So, brogramming is stupid overtly, and causes some problems, but if you tell
people to just stop, a lot of them aren't going to want to. They may not know
how to explain why, but one of the reasons is that brogramming provides them
social rewards (ones that programmers in general are a bit starved for
compared with athletes or even chefs).

You want social change? It needs to be broader. Brogramming is a symptom of
something much larger. It's basically a coping mechanism for lonely people.

The most important driver of societal shifts are good ideas. Really high
quality ideas. One type of idea that will help is changes that _make things
better for some and don't create any losers_. Those are pretty easy to get
everyone to agree to and like. But they are hard to come up with. They require
a really good understanding of the situation and incentives and how people
benefit from the behaviors you want them to stop (which normally gets into
even more complicated, larger social structures, which normally touch on
sensitive issues affecting most people).

I might be inclined to try starting somewhere else entirely if I wanted a
large scale societal change. For example a lot of people feel shame regarding
being alone. There are problems with being alone, plus social costs, but then
there is this extra emotional cost that isn't from any actual concrete problem
and even goes beyond the social costs. Help people be more proud of living
alone and spending time alone, and feel good about it instead of bad, and that
will be a step towards changing romantic relationship dynamics. Making
standard romantic relationships a little more optional will enable people to
question them a little more. And, very indirectly, that is a step towards less
sexism or brogramming.

------
petercooper
It is interesting watching this discussion play out.

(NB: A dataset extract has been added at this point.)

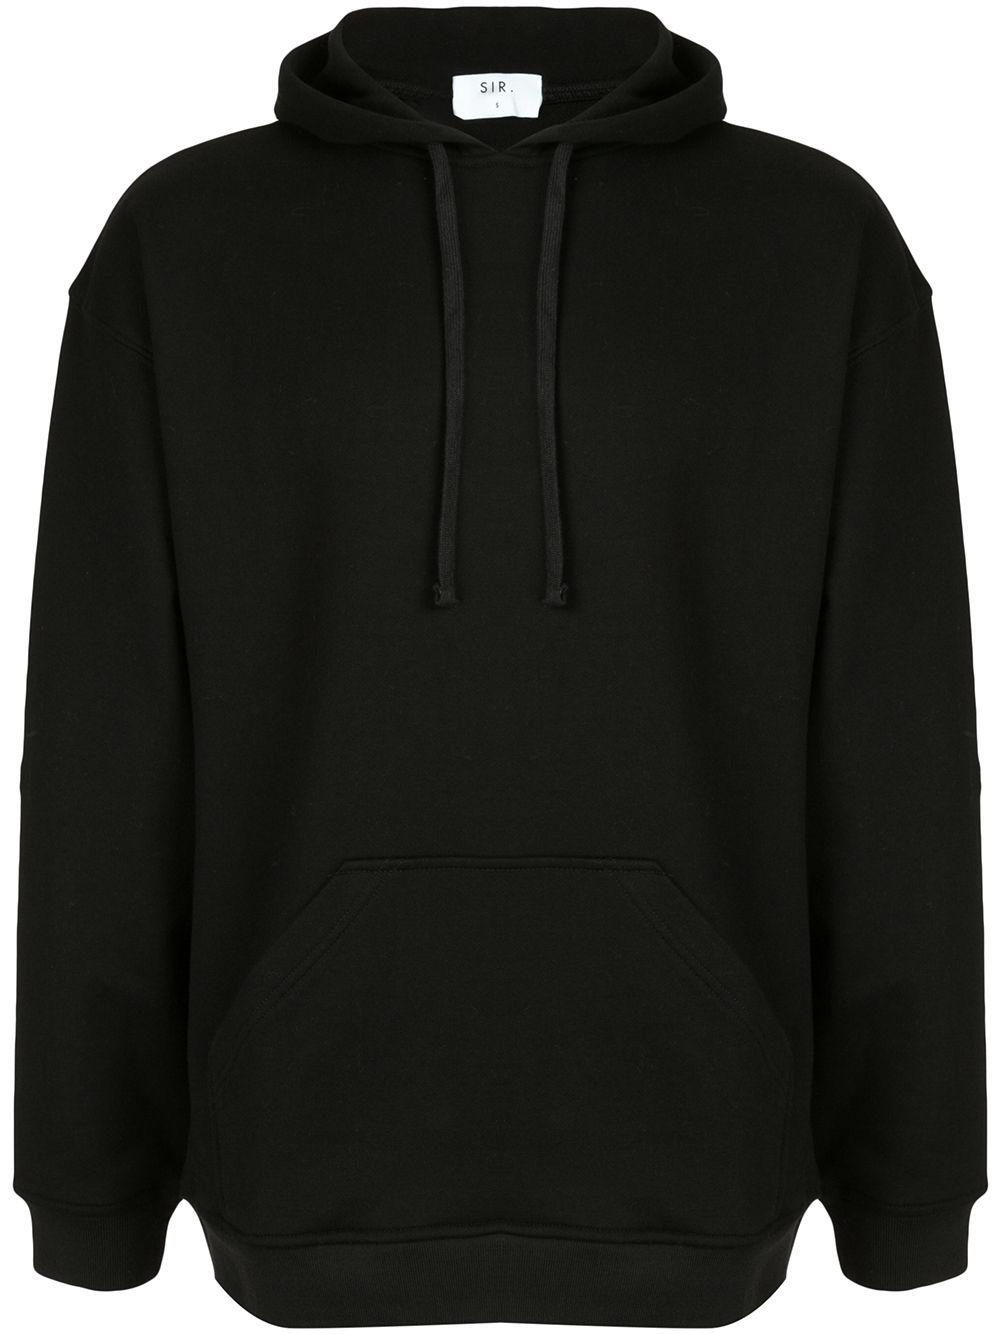 Sir Oversized Drawstring Hoodie Black In 2021 Plain Black Hoodie Black Hoodie Outfit Plain Black Sweatshirt [ 1334 x 1000 Pixel ]

I've been wondering whether people are put off becoming
musicians/writers/artists due to others having sexist stereotypes in their
material. We don't seem to see the same widespread demands for apologies and
desistance in those fields (consider the amount of songs talking about
"bi^ches" and the like) - or do we? But then I realized that we _have_ seen
racism (and homophobia) become taboo in pop culture and the arts, thankfully,
yet sexism is still a free for all. Why?

As idiotic as "brogramming" is (IMHO) and as much as I think software
development _should_ be a semi-academic, tight-knit discipline with
progressive and respectful norms, many of these things causing offense seem to
be misjudged attempts at injecting pop culture. "Brogramming" is on par with
the group "LMFAO" in terms of stupidity and tact, yet LMFAO are not called
upon to apologize or up their game to stop offending people. Why? (Differing
standards for pop culture celebrities vs professionals, maybe? But are some
developers also pop culture celebrities? Tricky.)

Bear in mind this is just armchair sociological analysis, and no opinion of
mine can be derived from these questions (well, other than that brogramming is
a bit silly and that I think we should all treat each other with the respect
we'd also want to receive) :-)

------
driverdan
It was funny when it was just a joke mocking foolishness. It was no longer
funny when people intentionally began doing it.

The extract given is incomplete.